There's loads to Cambridge as a place to live and it's easy to get over its 'quaintness'.
The centre of Cambridge is dominated by the University, and the Colleges and departments are sprawled across it. Geographically, the centre of Cambridge is also fairly small and flat. The easiest way to get around is by bike and you can get from even the most distant College to the city centre and departments within twenty minutes. This makes Cambridge a great place to be a student: everything you could need is packed into a small space, and you'll never have to go far to get anywhere. At least during term-time, the town is the University, if you want it to be.
Cambridge has most of the benefits of being a city, whilst being more laid back in pace and surrounded by countryside. There's a good collection of high street chains both in town and in the Grafton shopping centre, as well as individual shops and a market that runs every day. Cambridge is well catered for in terms of places to eat, too. There are restaurants and cafés abound, many at decent prices with student discounts and happy hours, which are useful when parents come to visit. On top of this, there are plenty of supermarkets and food shops, from Sainsbury's in the centre of town, Tesco and Asda a five minute cycle from the centre, to international shops, where you can buy Asian and African food. Whatever you are looking for, it's likely you'll be able to find it.

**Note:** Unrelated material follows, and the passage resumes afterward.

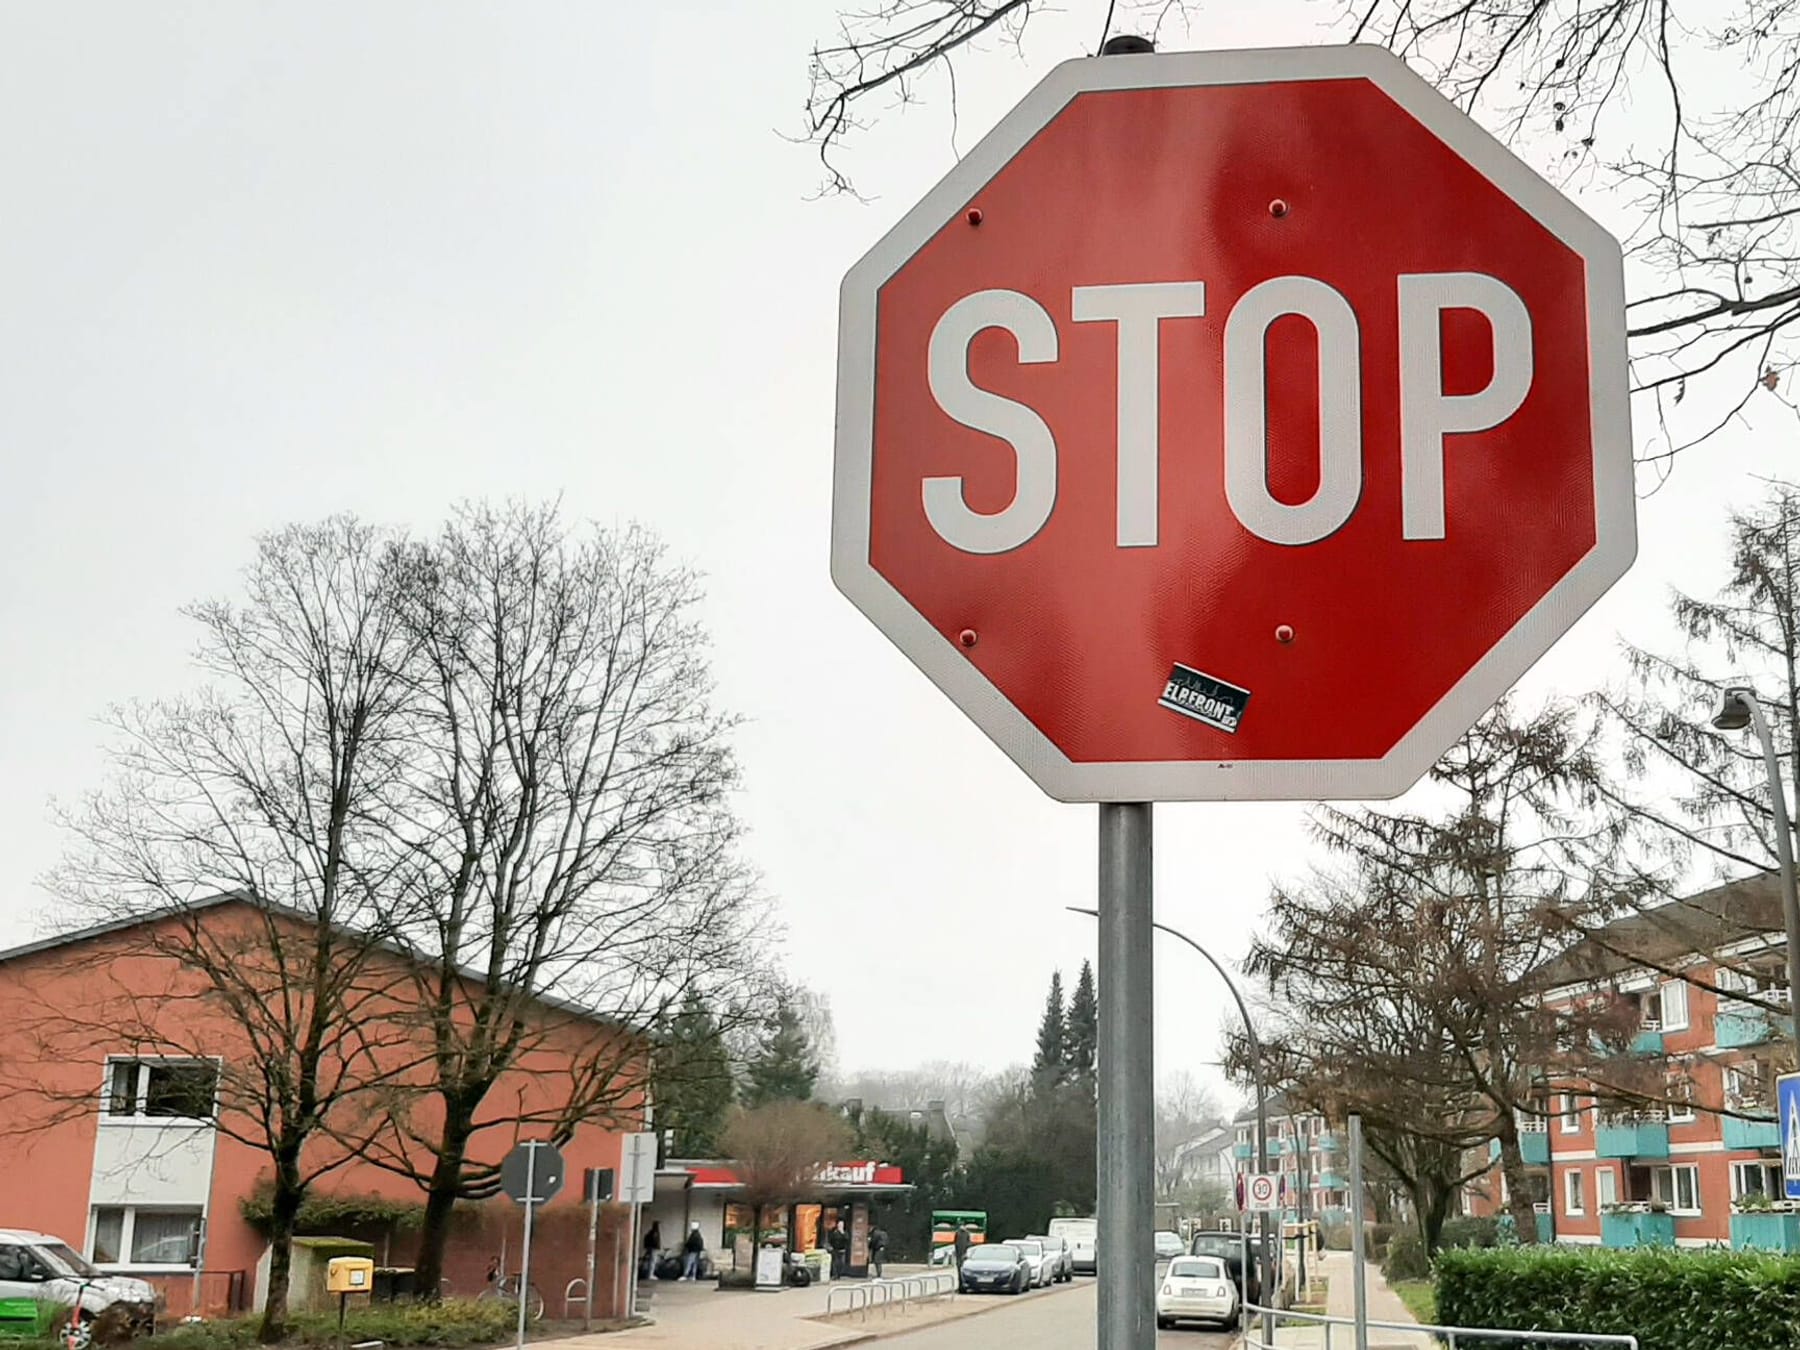 Stoppschild und Grüner Pfeil: Wo Autofahrer halten müssen
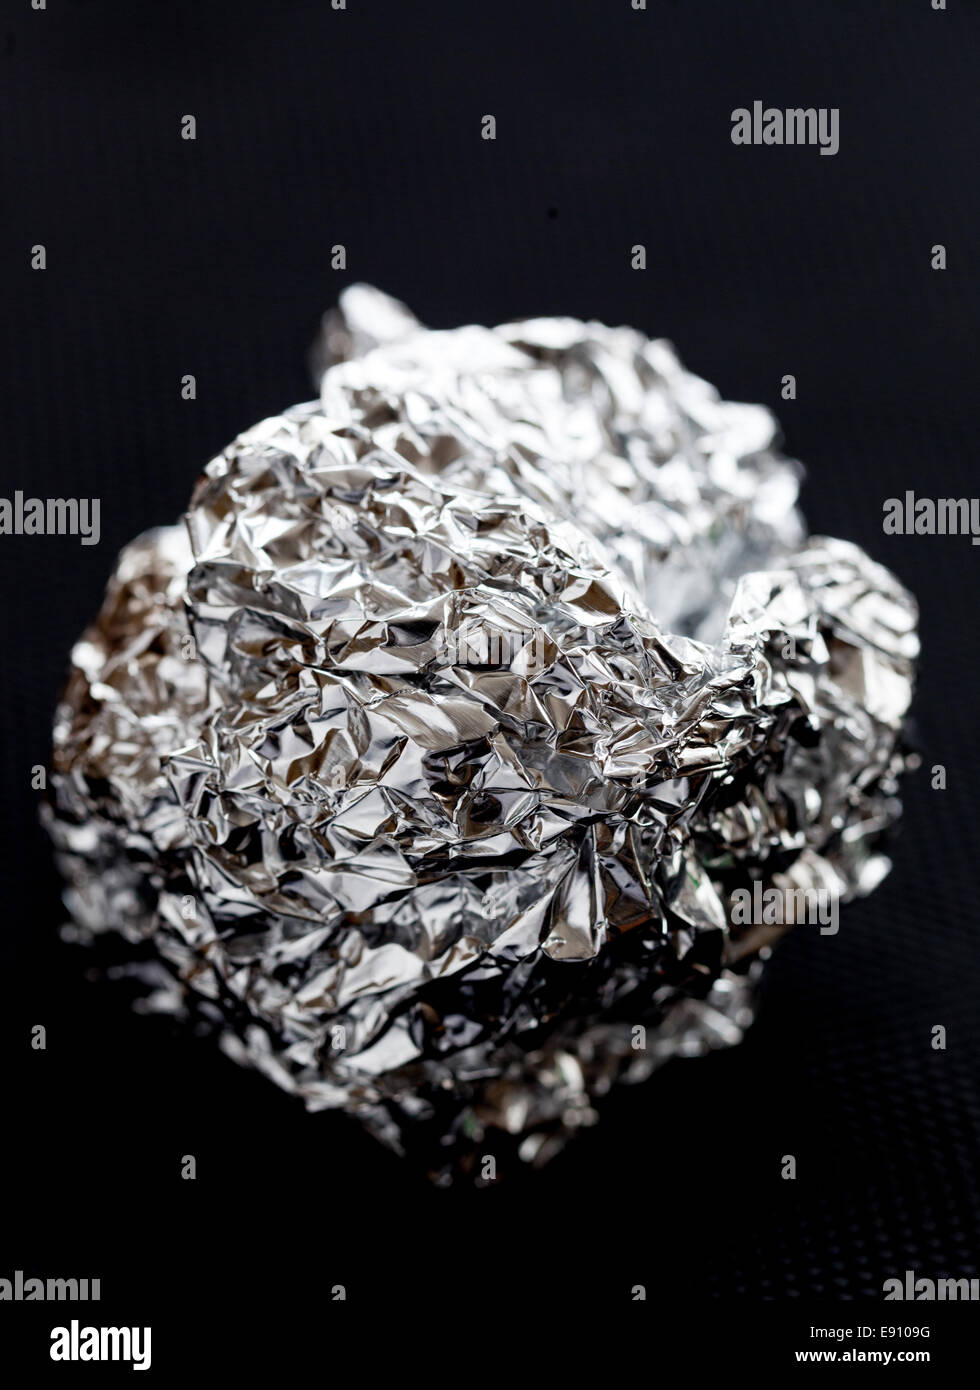 An aluminum foil ball. Stock Photo

There are loads of places to hang out in Cambridge, from traditional pubs to new bars and several night clubs with a variety of music (though if you are a serious clubber, you are likely to be disappointed). In addition, each College has its own bar, a good way to catch up with people and unwind on an evening. Several bars and clubs have live music ranging from jazz to alternative, and there are three cinemas showing mainstream and independent arts films. There is also an Arts Theatre and an amateur dramatic theatre for student productions.
If you miss the big city life, transport routes in and out of Cambridge are pretty good. You can get to London in 45 minutes by train, and Cambridge is well networked by rail. Driving within the city is a nightmare, with little parking and perhaps the most complicated one way system ever, but there are good Park and Ride buses coming in from all directions. The large majority of students don't have cars, parking is extremely limited and you require a University permit to keep a car as a student.